Boards of directors, HR teams and executives today operate in an environment marked by heightened complexity, increased scrutiny and growing mobility. In Canada and globally, volatility, rapid technological shifts, geopolitical tensions and operational pressure compound this need, increasing both performance expectations and leadership risk exposure. Based on these observations, traditional retention levers are no longer sufficient. To sustain leadership continuity and organizational resilience, companies need a cohesive executive total rewards strategy, one that enables sound decision making, supports wellbeing and strengthens long-term commitment.

Lay the foundation first

A robust executive rewards strategy begins with the essentials:

  • A clear purpose
  • A well‑defined strategy
  • Leadership roles aligned to the organization's real operating context

Success profiles grounded in actual business challenges, not theoretical ideals, ensure that talent decisions are anchored in reality.
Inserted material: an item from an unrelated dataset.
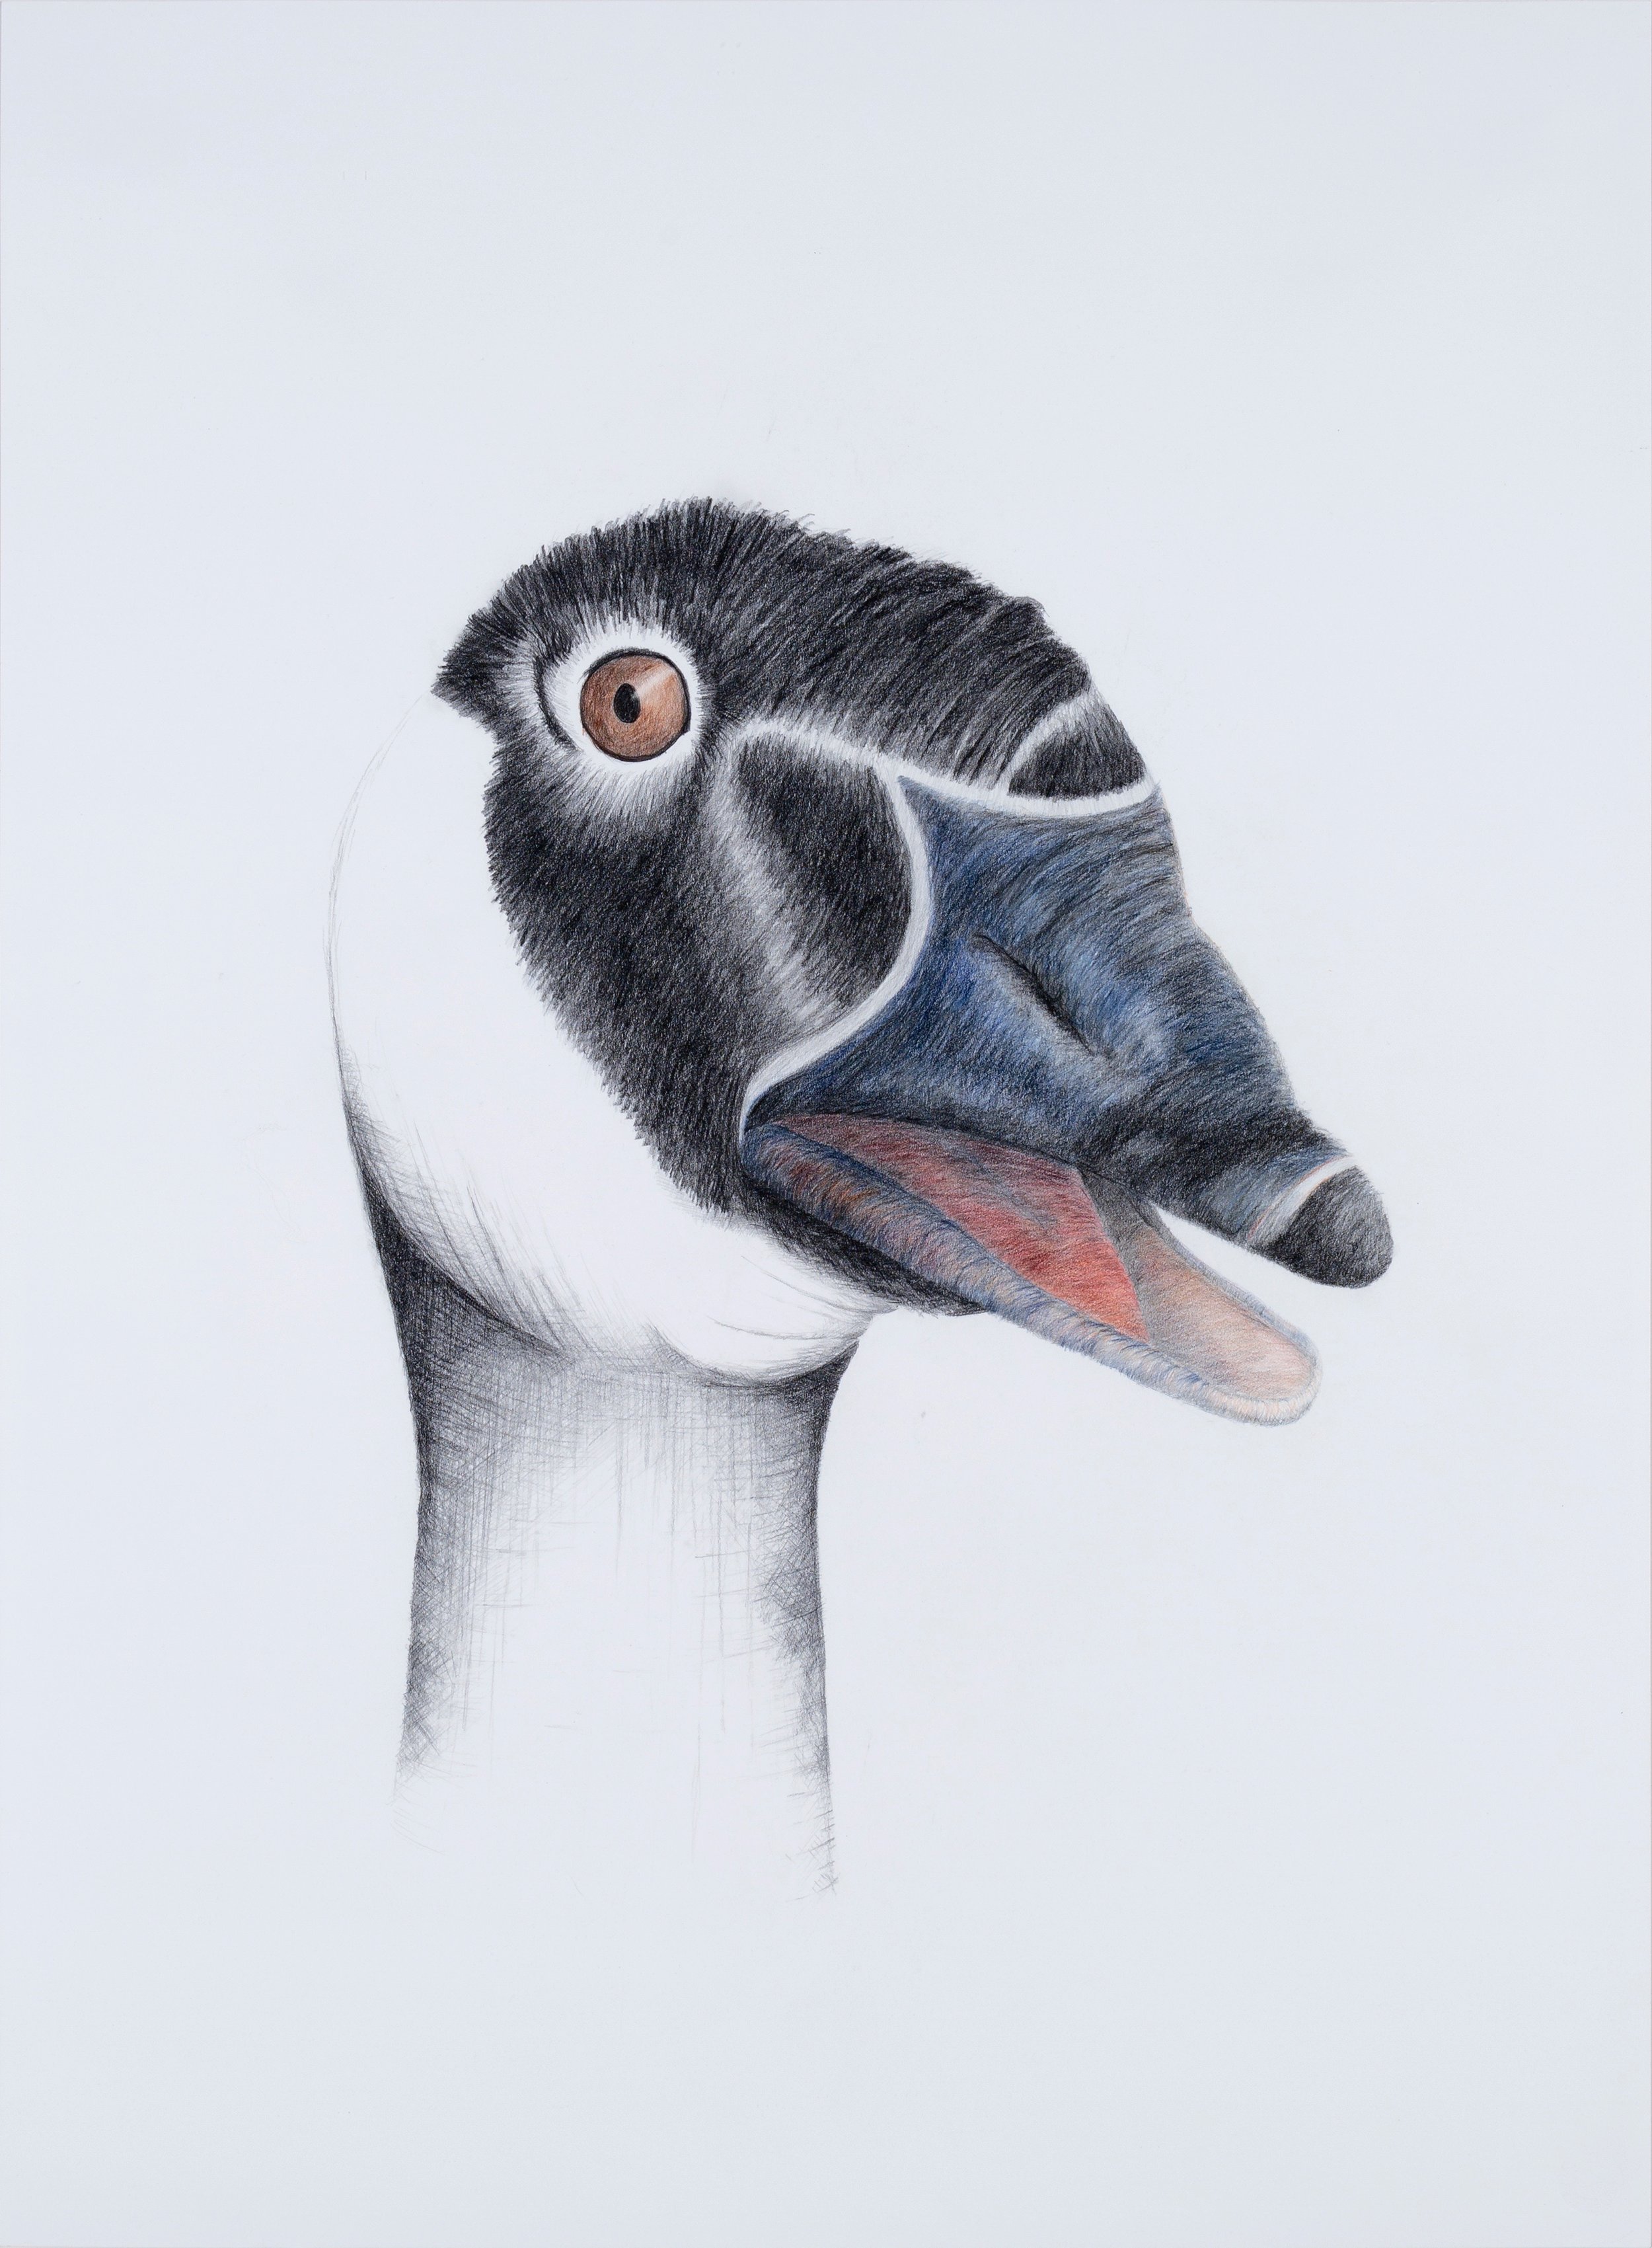   KEEPER OF MY SECRET: GOOSE   Graphite, colored pencil  35" x 26.5" 
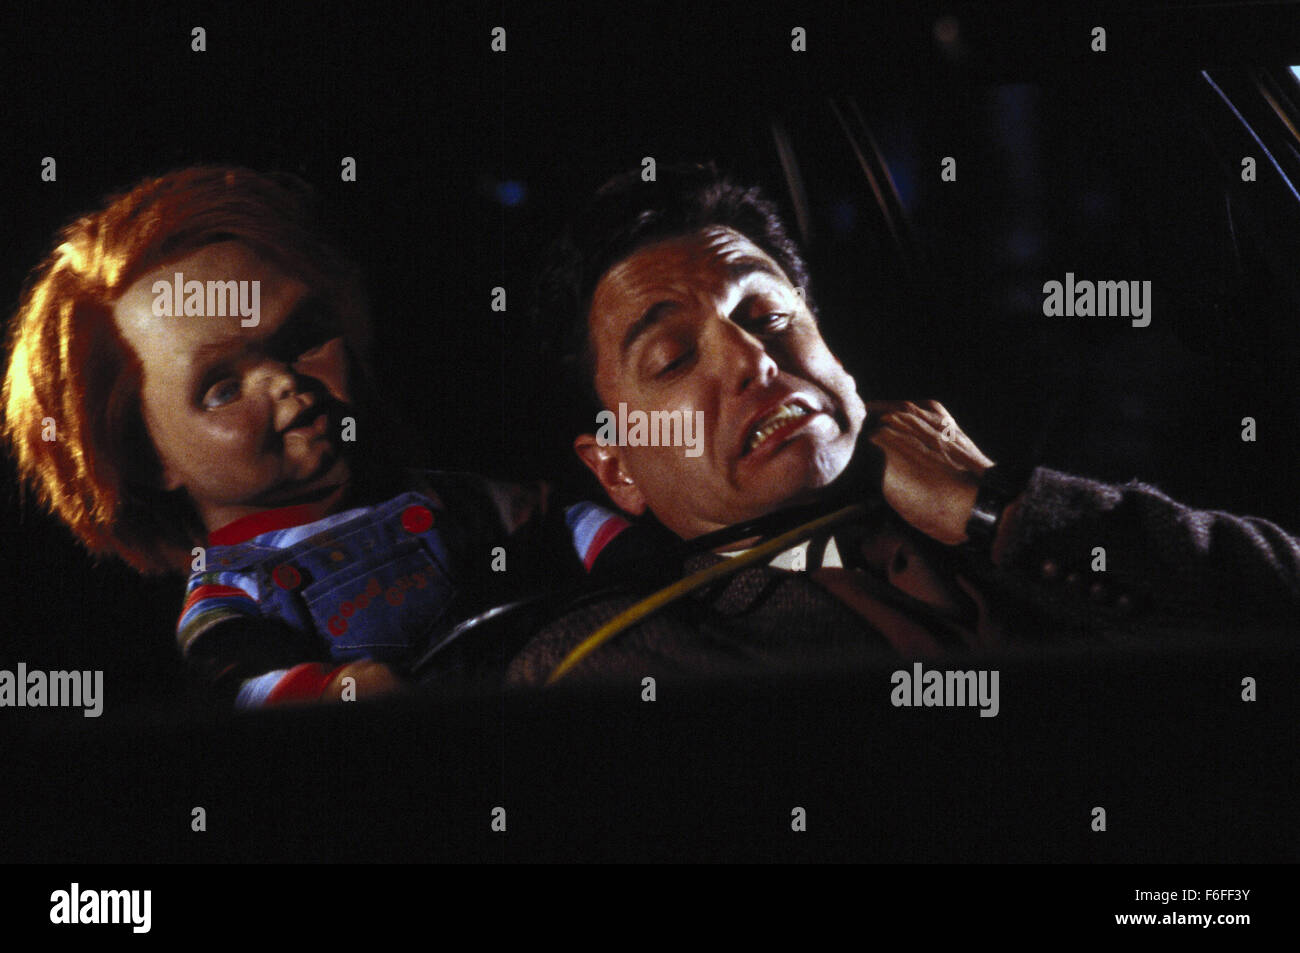 Nov 08, 1988; Chicago, IL, USA; CHRIS SARANDON as Mike Norris in the horror film 'Child's Play' directed by Tom Holland. Stock Photo

From there, capability building can be focused and intentional. Leadership pathways, individualized coaching, meaningful sponsorship and mentorship, and short, targeted "private professor" learning sprints on high-stakes topics — such as corporate finance or mergers and acquisitions — accelerate readiness where it matters most.

Data points from the 2025 Gallagher Canadian Benefits Strategy & Benchmarking Survey underscore the gap between intent and execution: while 41% of organizations support career planning conversations, succession mechanisms remain uneven, and mentoring programs (offered by 50% of employers) have risen 9 points year over year, with adoption far higher in large companies than in small to medium-size enterprises. Practical enablers such as family support, relocation logistics and access to schooling for their family reduce friction that can distract or derail key leaders.

Finally, investing in executive team effectiveness creates multiplier effects. Shared norms, disciplined decision routines and team diagnostics reduce internal friction and allow leaders to dedicate their energy to strategic value creation rather than avoidable operational noise.

Raise the load-bearing walls (the pillars)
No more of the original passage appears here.